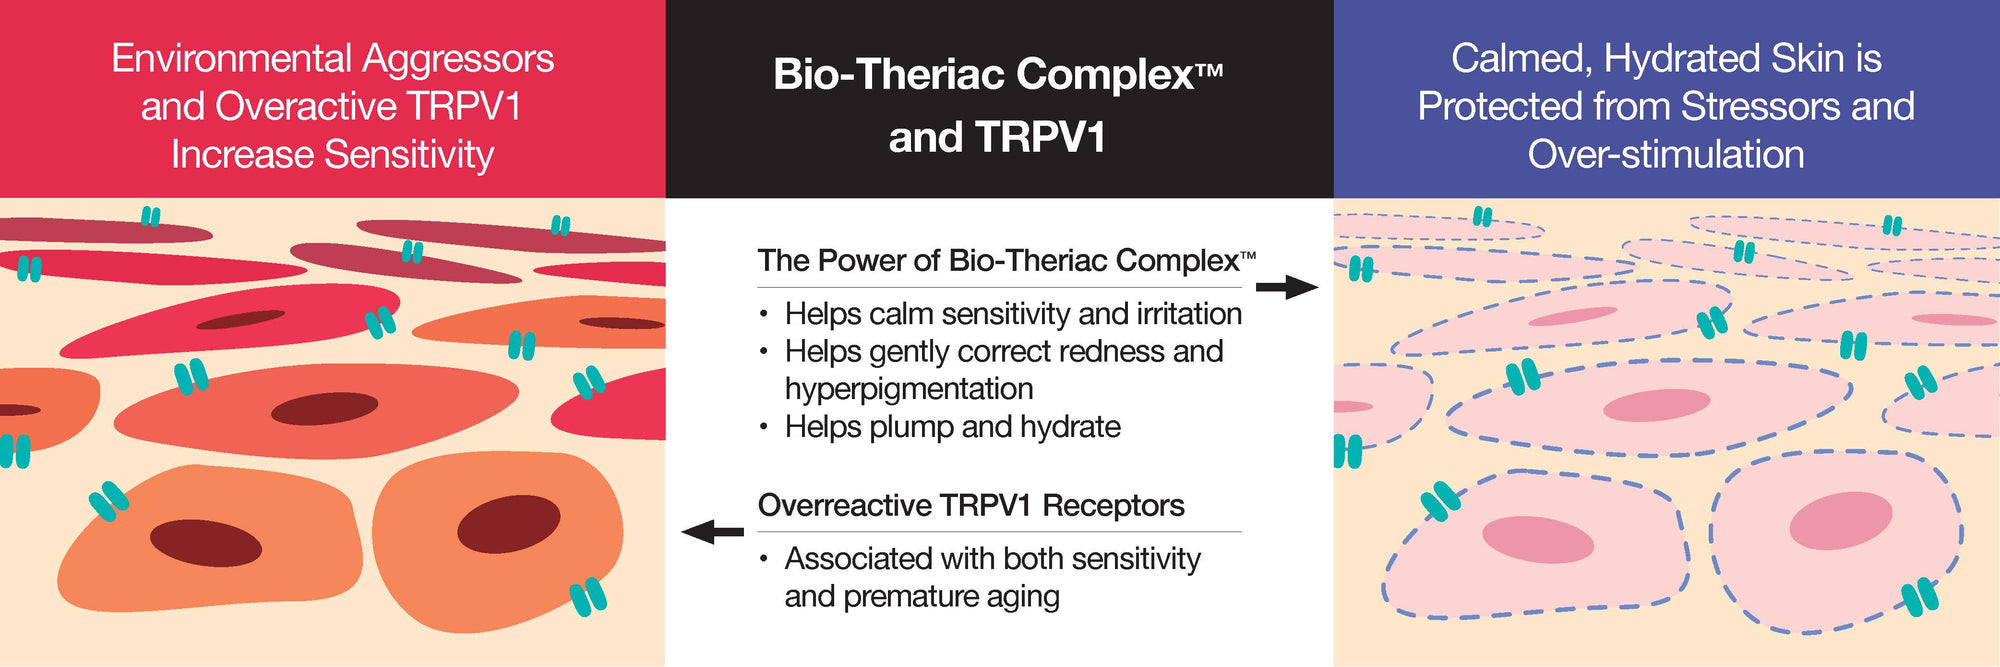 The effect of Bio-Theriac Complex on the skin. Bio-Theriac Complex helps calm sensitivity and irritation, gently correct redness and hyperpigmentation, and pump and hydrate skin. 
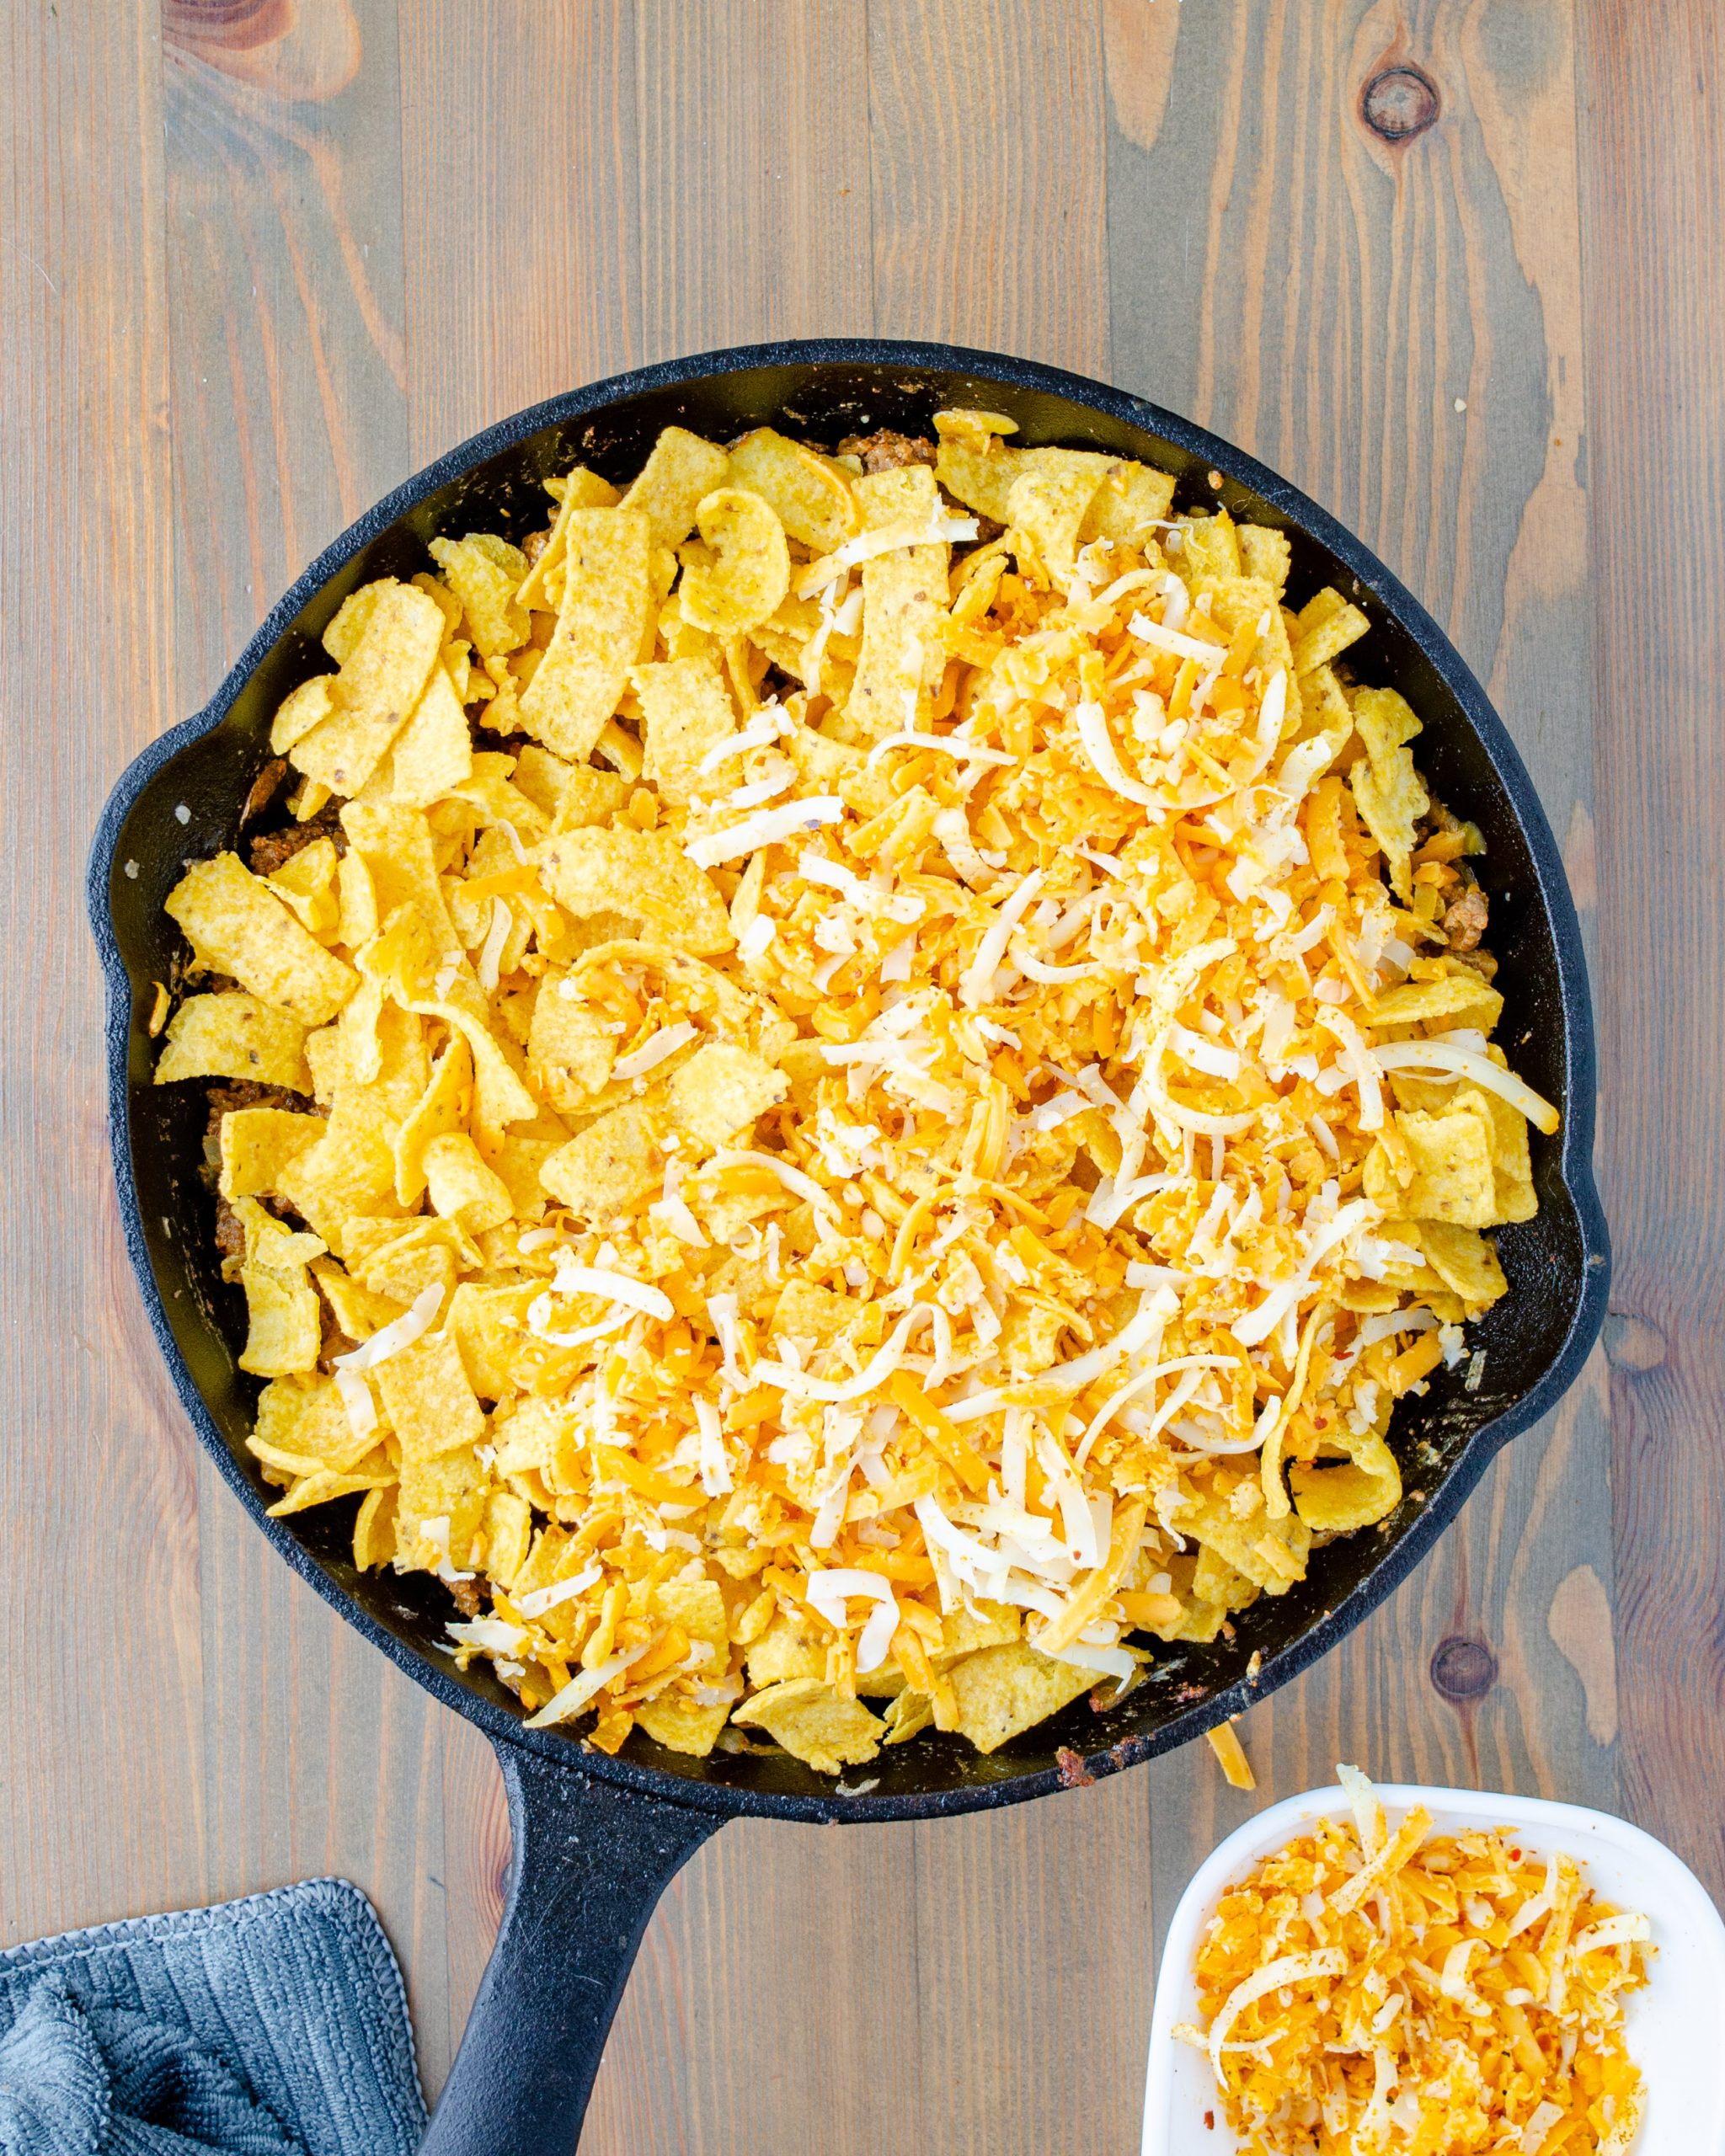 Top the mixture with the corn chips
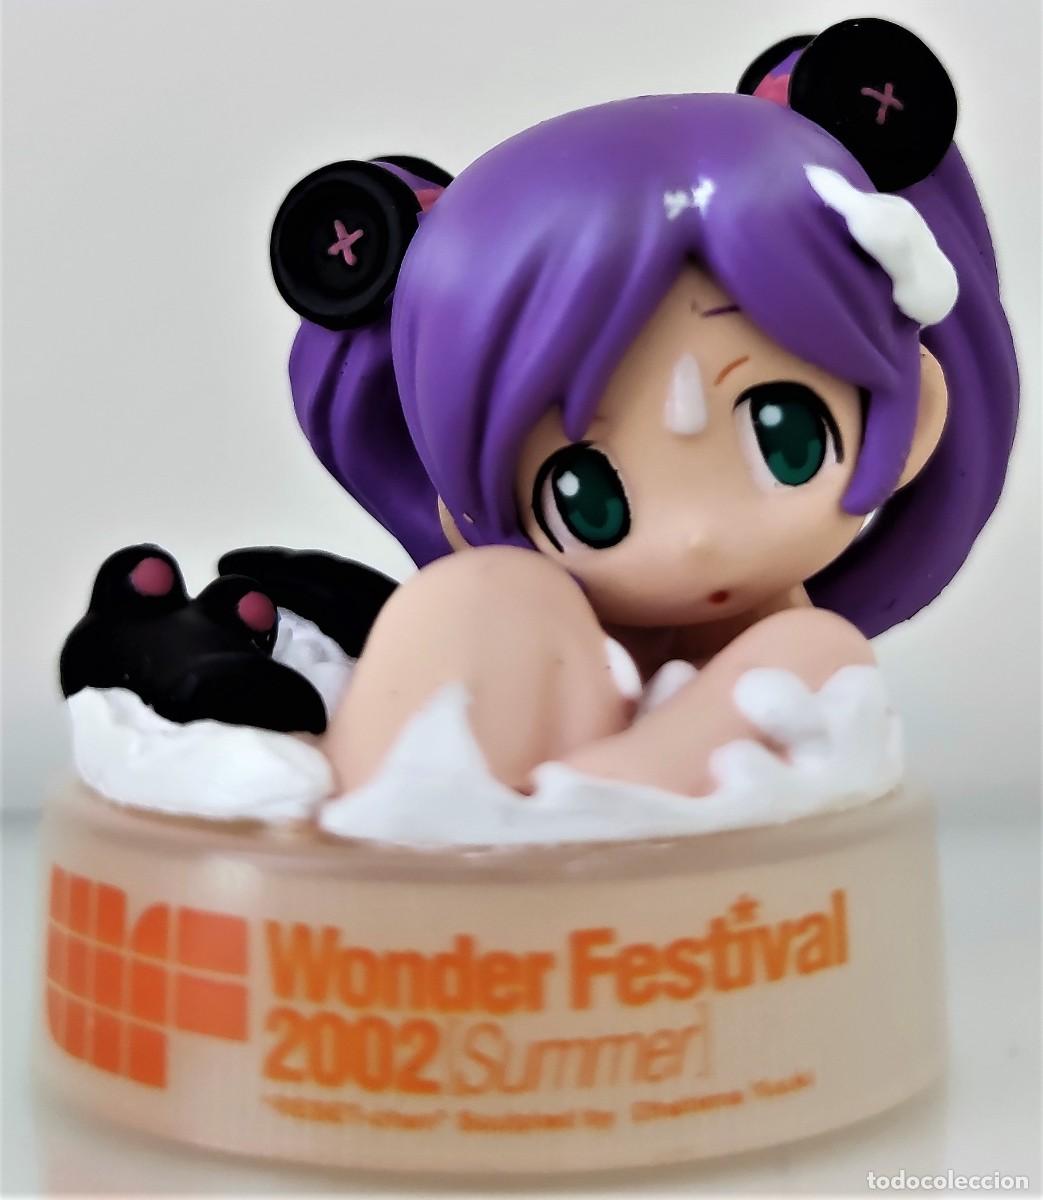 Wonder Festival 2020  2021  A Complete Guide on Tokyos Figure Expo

• Description of the task: Exclude every picture and copy the remaining data exactly.

• Solved exercise:
 The effect of Bio-Theriac Complex on the skin. Bio-Theriac Complex helps calm sensitivity and irritation, gently correct redness and hyperpigmentation, and pump and hydrate skin. 
 Top the mixture with the corn chips
 Wonder Festival 2020  2021  A Complete Guide on Tokyos Figure Expo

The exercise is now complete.